Korean Patent Laid-Open Publication No. 10-2000-0029288 discloses a composition comprising a highly unsaturated fatty acid-containing oil represented by a fat-containing DHA-containing fat, and an egg yolk lipid containing phospholipid in an amount of about 25 to 70 wt% By weight of the composition. However, oil containing highly unsaturated fatty acids, such as fish oil, may still adversely affect the flavor of the food when added to the food because of its unique flavor.

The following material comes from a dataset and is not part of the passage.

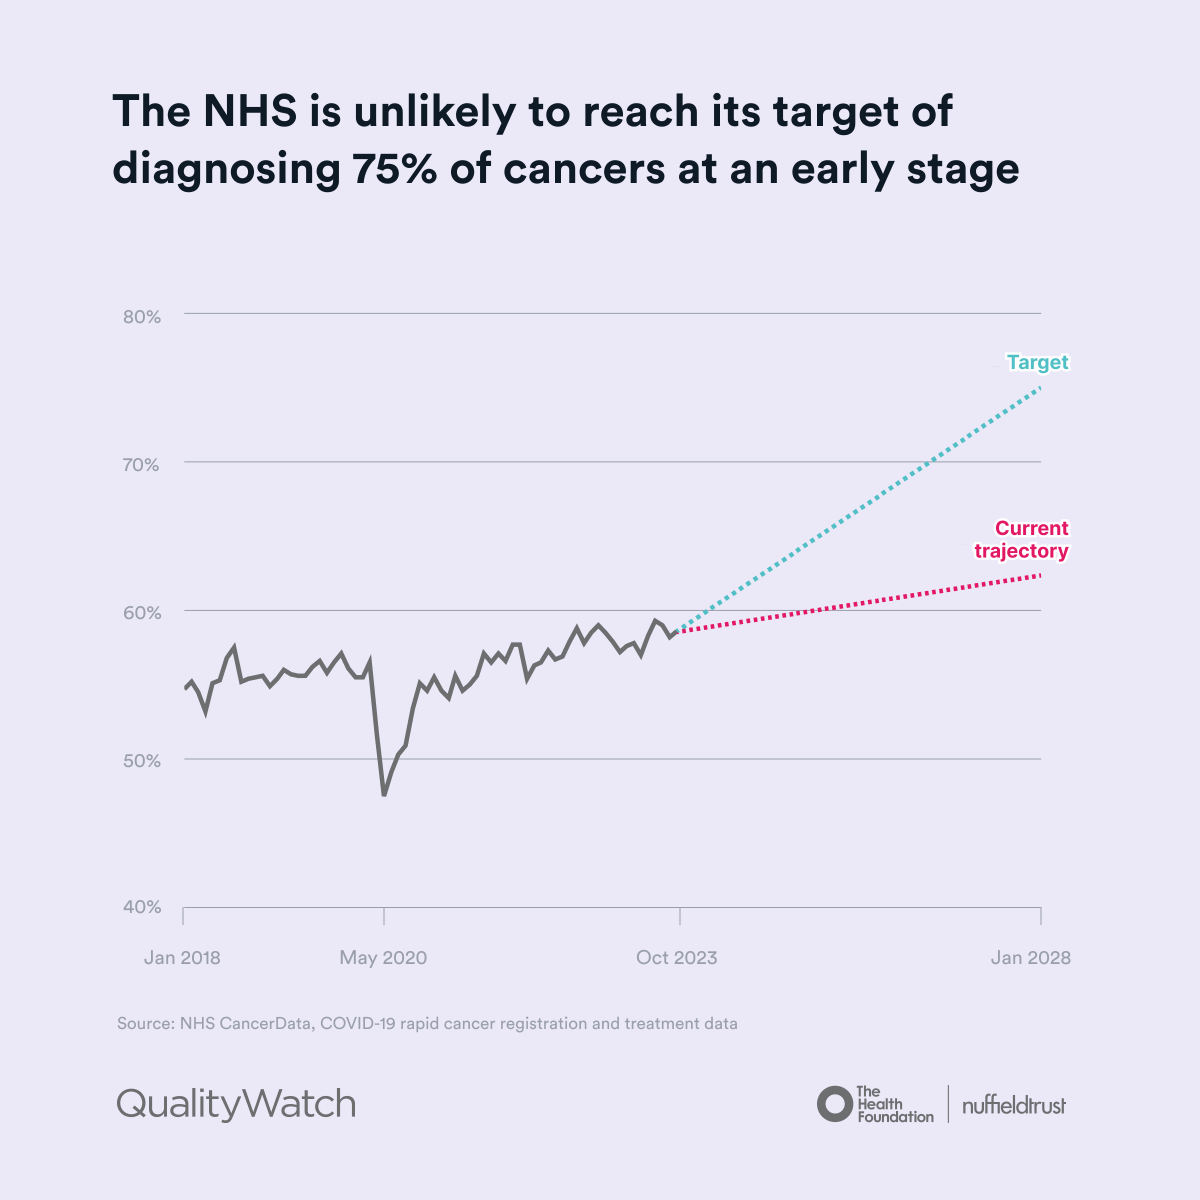 It’s well known that diagnosis at an early stage of #cancer dramatically increases chances of survival, but the #NHS looks set to miss its target to have 75% of cancers diagnosed at an early stage by 2028. Find out more: files.nuffieldtrust.org.uk/qualitywatch/c…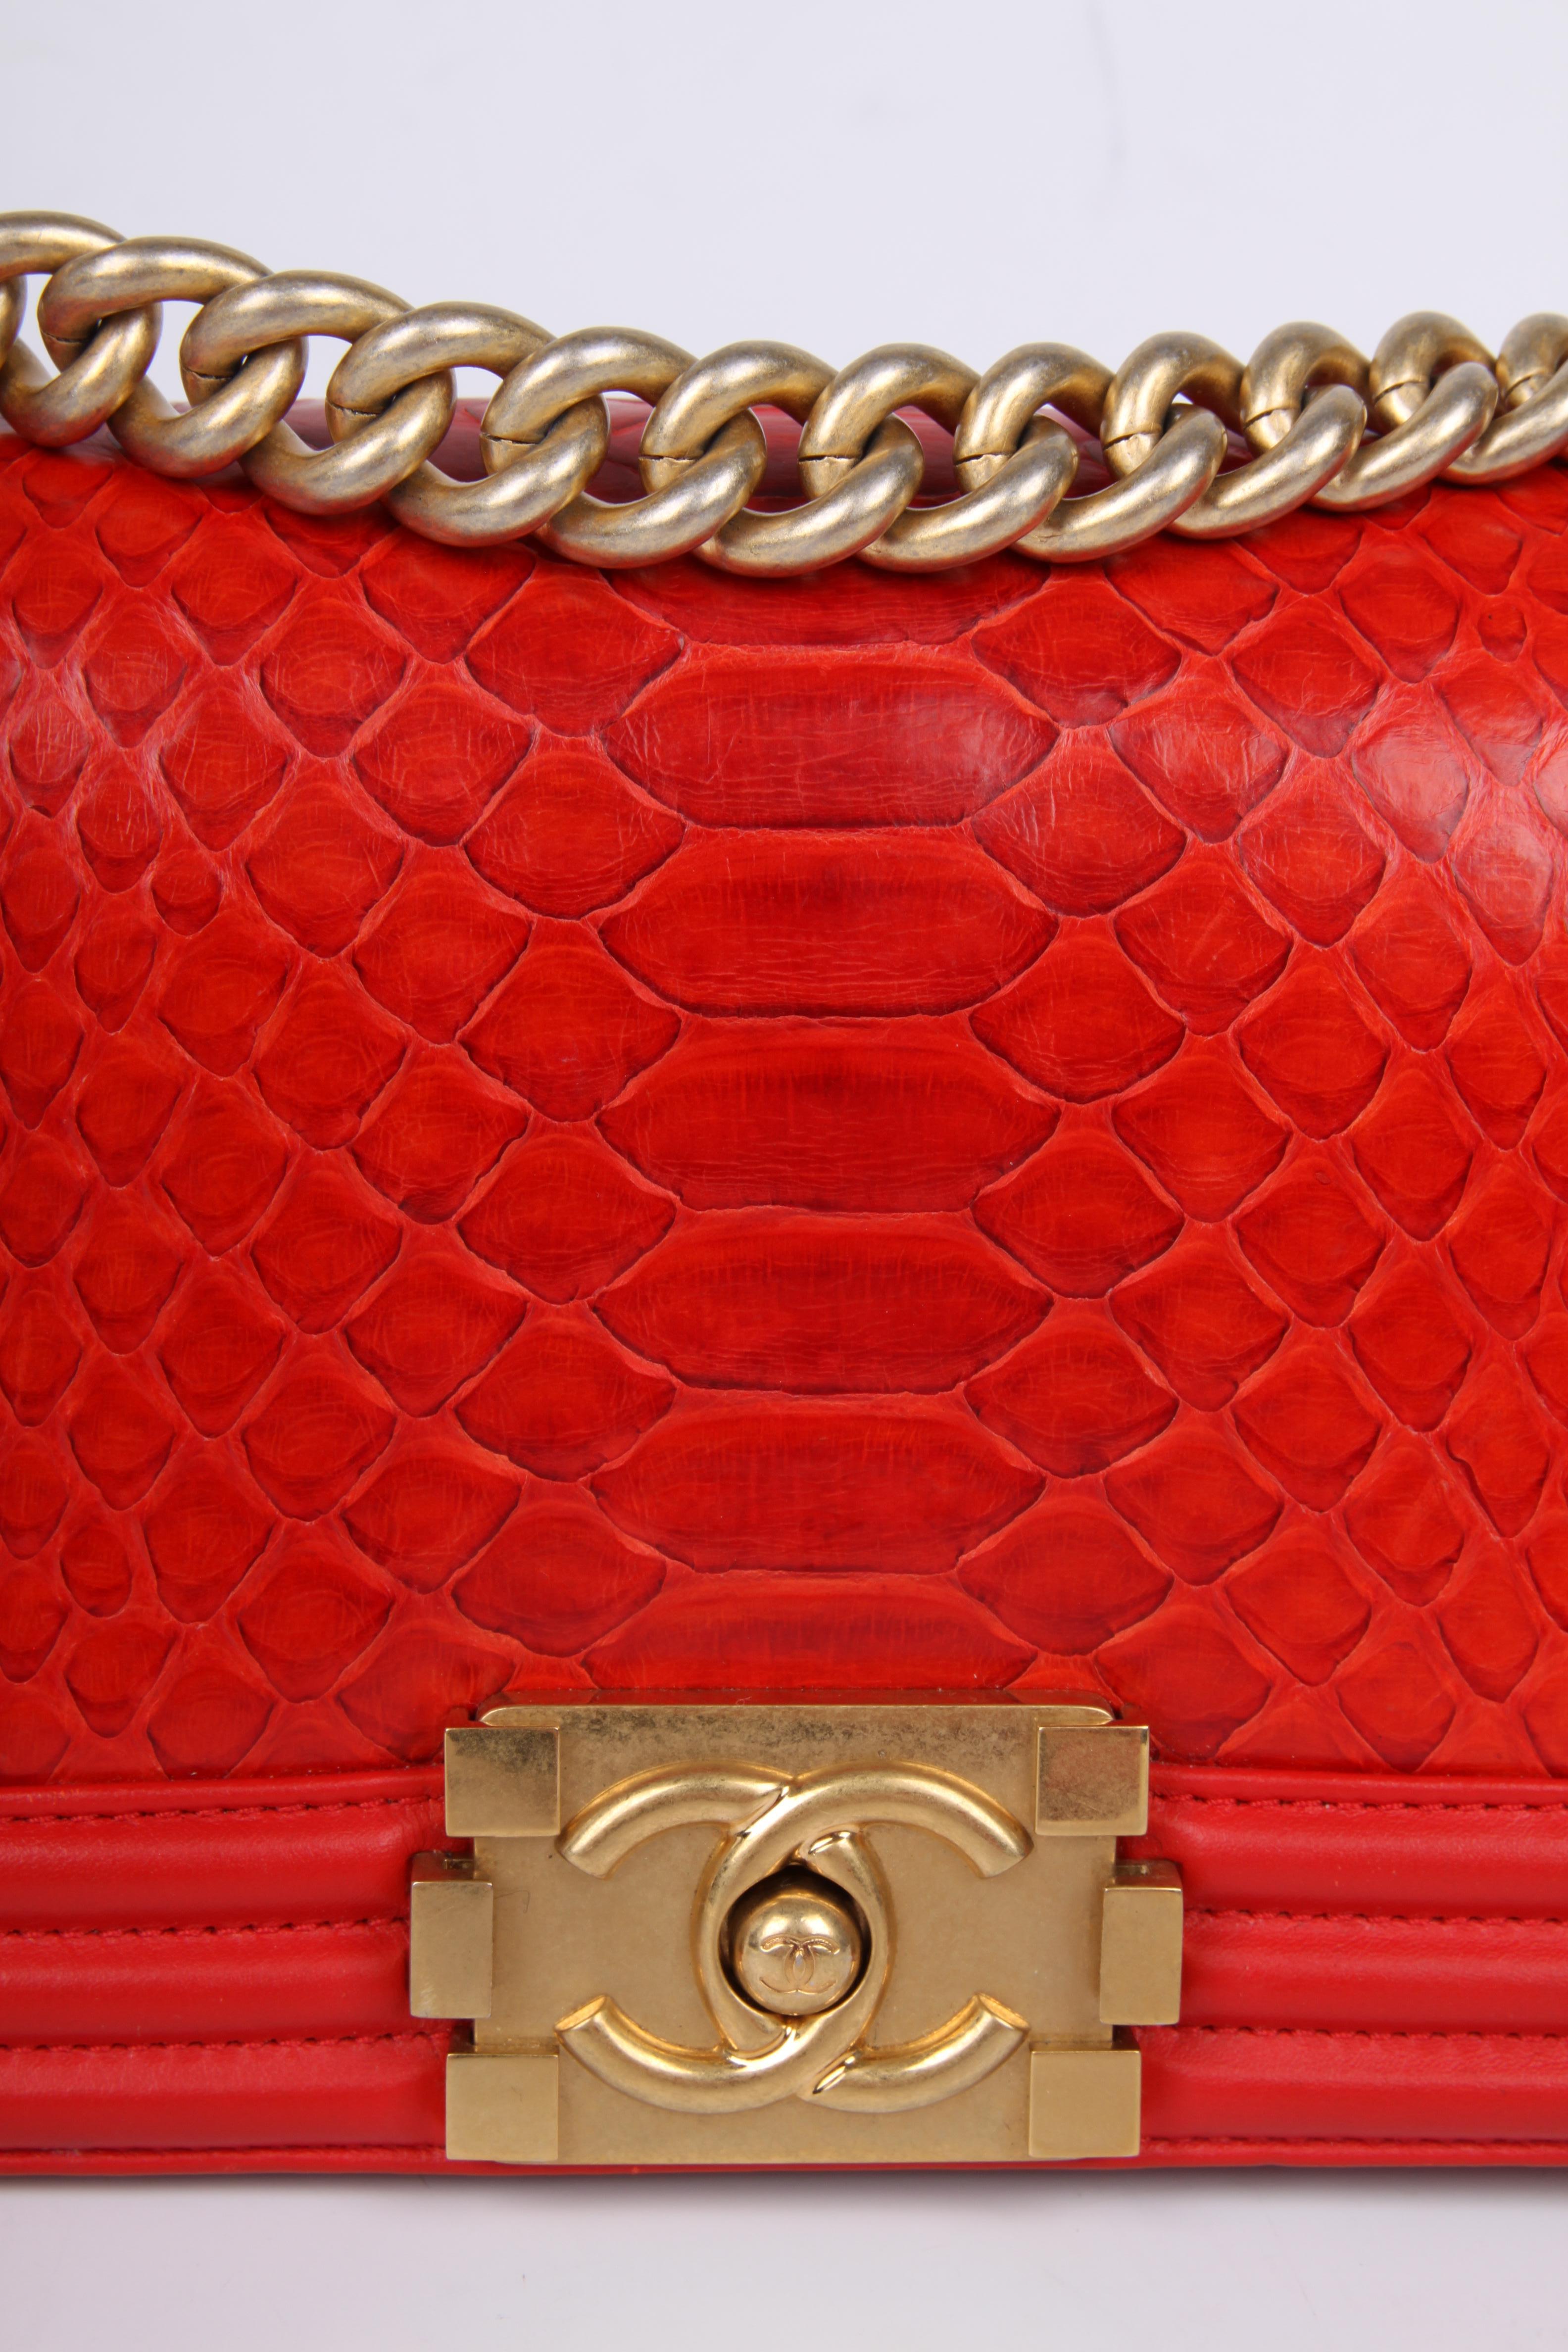   Chanel Quilted Lambskin & Python Le Boy Bag Mini - red    2

Accordingly, it is an object of the present invention to provide a mixed nut oil composition containing two or more kinds of unsaturated fatty acids and having a unique and unique flavor unique to nuts and satisfying the taste of customers with excellent flavor.

KR 1020000029288A

Accordingly, the inventors of the present invention have made intensive researches on a method of uniformly feeding unsaturated fatty acids of nuts. As a result, it has been found that when two or more kinds of nuts extracted from nuts are contained, unsaturated fatty acids of the nuts can be taken intact, The present inventors have found that it is possible to consume sufficient unsaturated fatty acids even when consuming only a small amount of about 50% of the nuts as compared with the case of directly eating the nuts.

Accordingly, an object of the present invention is to provide a mixed nut oil composition containing two or more kinds of unsaturated fatty acids and having excellent flavor.

Another object of the present invention is to provide a mixed nut oil composition further comprising a plant sterol and tocopherol.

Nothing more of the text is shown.